=== Begin Enclosure ===
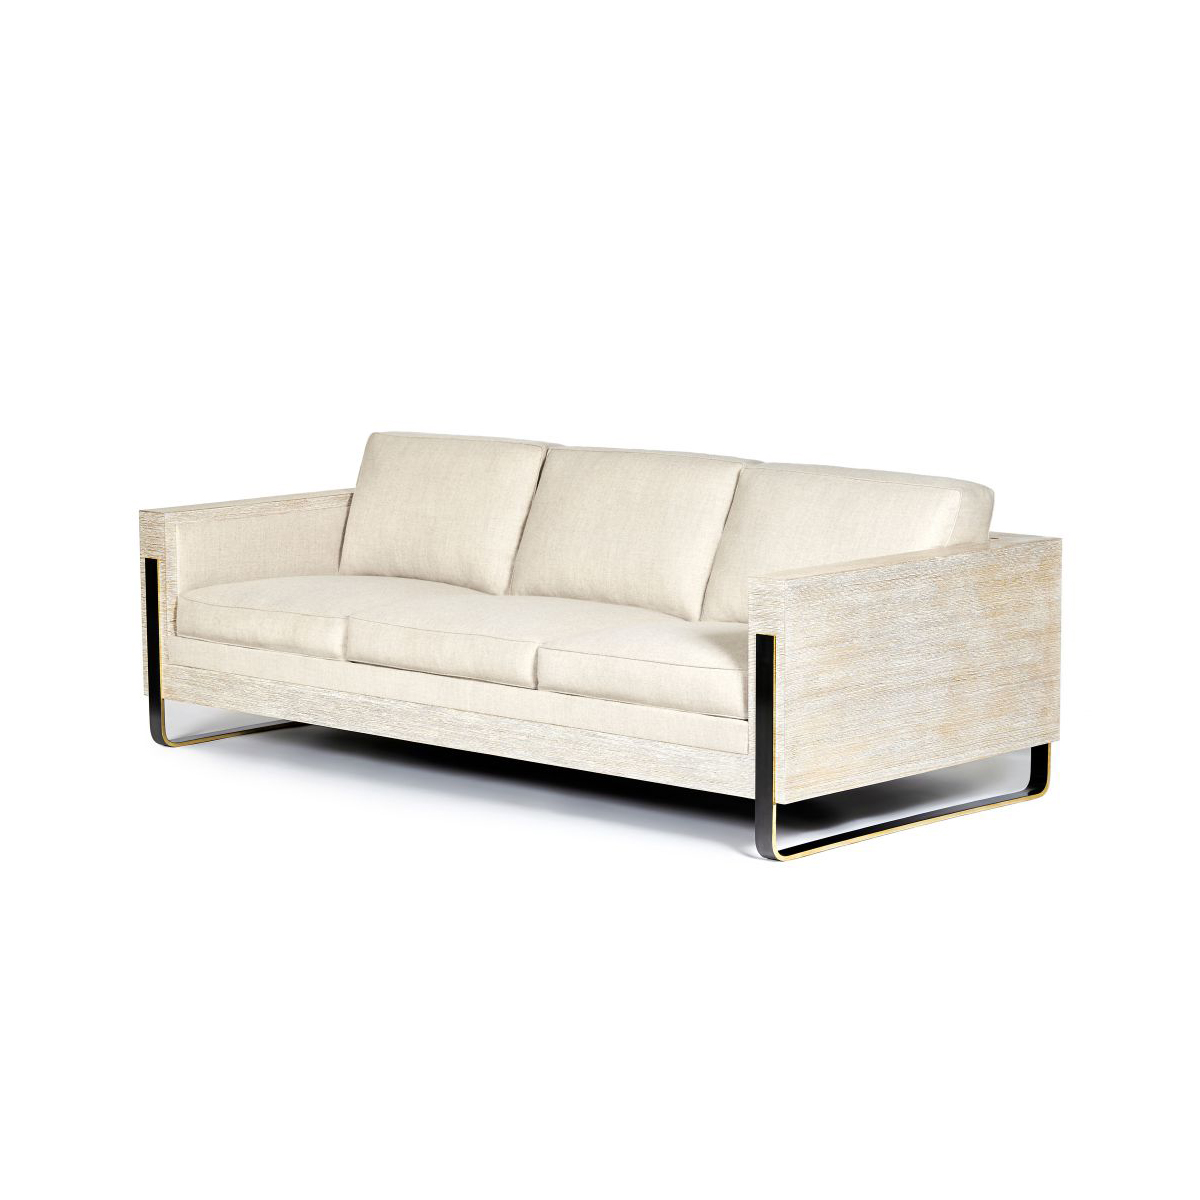 Duna Sofa by Jean De Merry
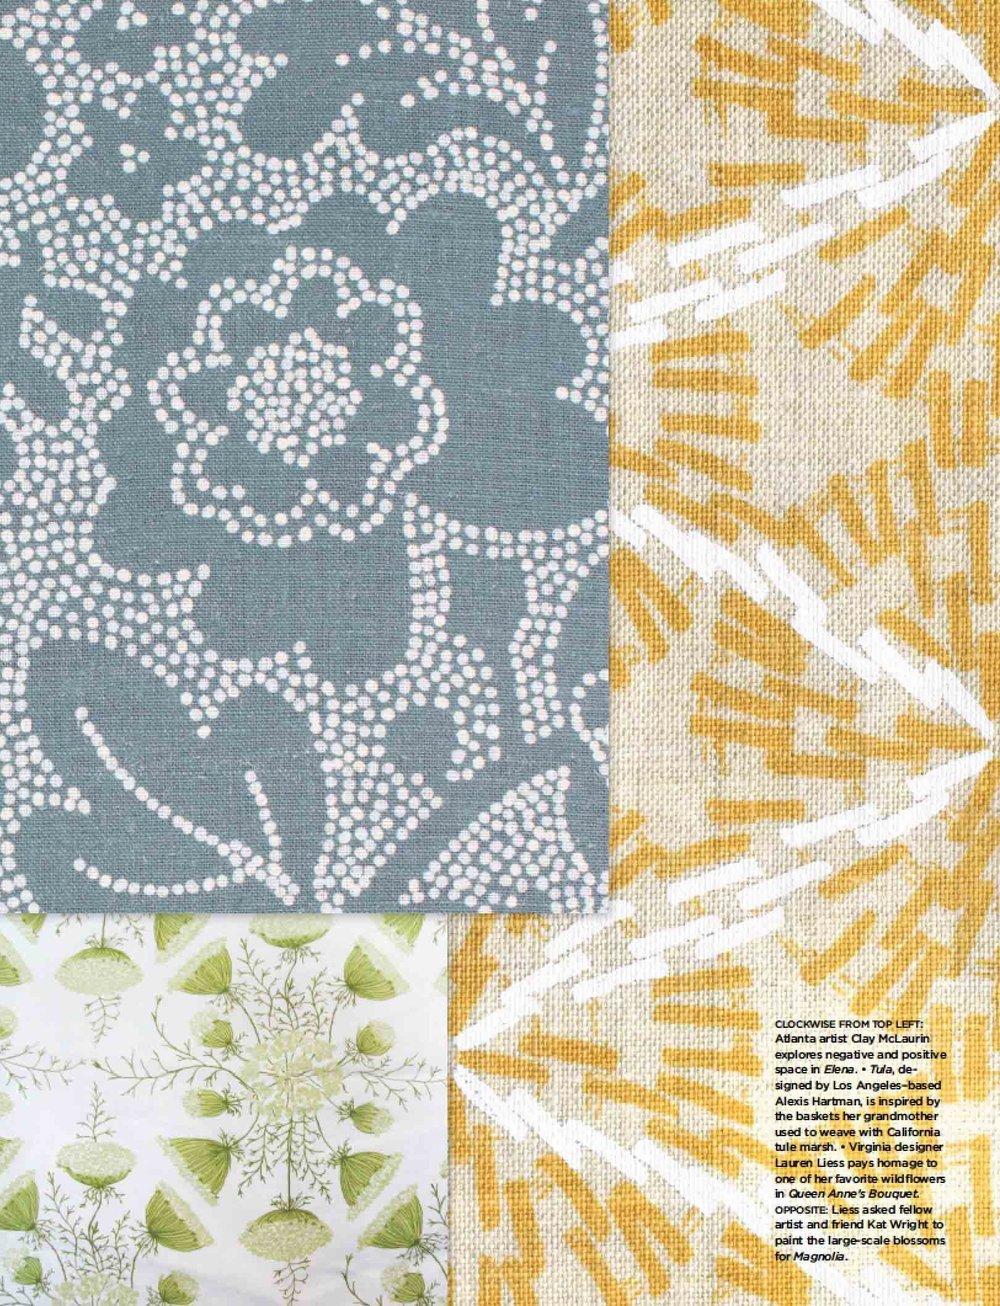 ClayMcLaurinStudio_Flower_Magazine_1_web.jpg
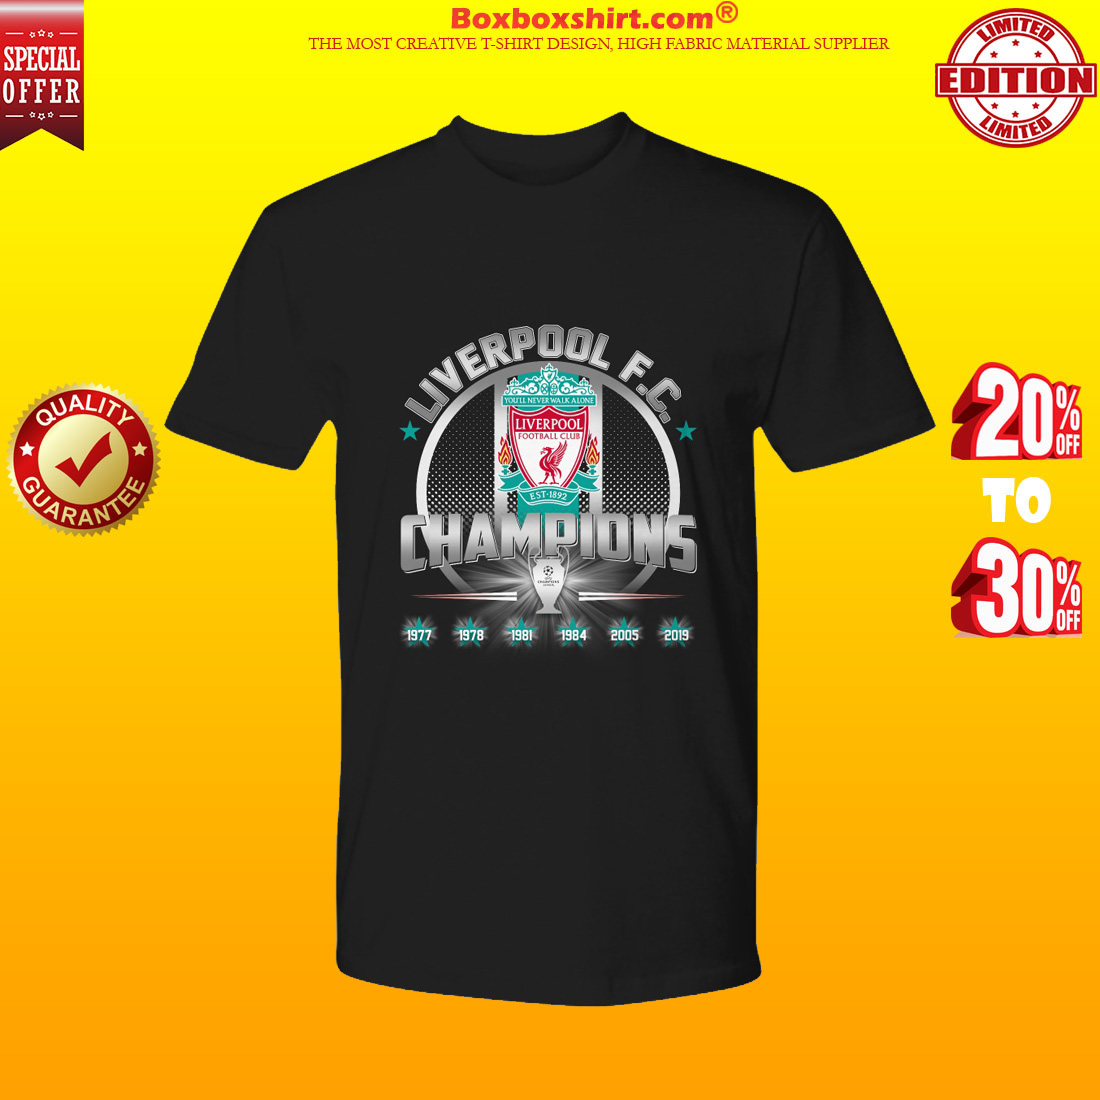 Liverpool FC Champions 2019 premium tee shirt
=== End Enclosure ===
▶ TASK
Copy out the lines exactly as written, beginning with the one that contains "ClayMcLaurinStudio_Flower_Magazine_1_web.jpg" and ending with the last line of the material; do not include pictures.

▶ RESULT FOR THIS EXERCISE
 ClayMcLaurinStudio_Flower_Magazine_1_web.jpg
 Liverpool FC Champions 2019 premium tee shirt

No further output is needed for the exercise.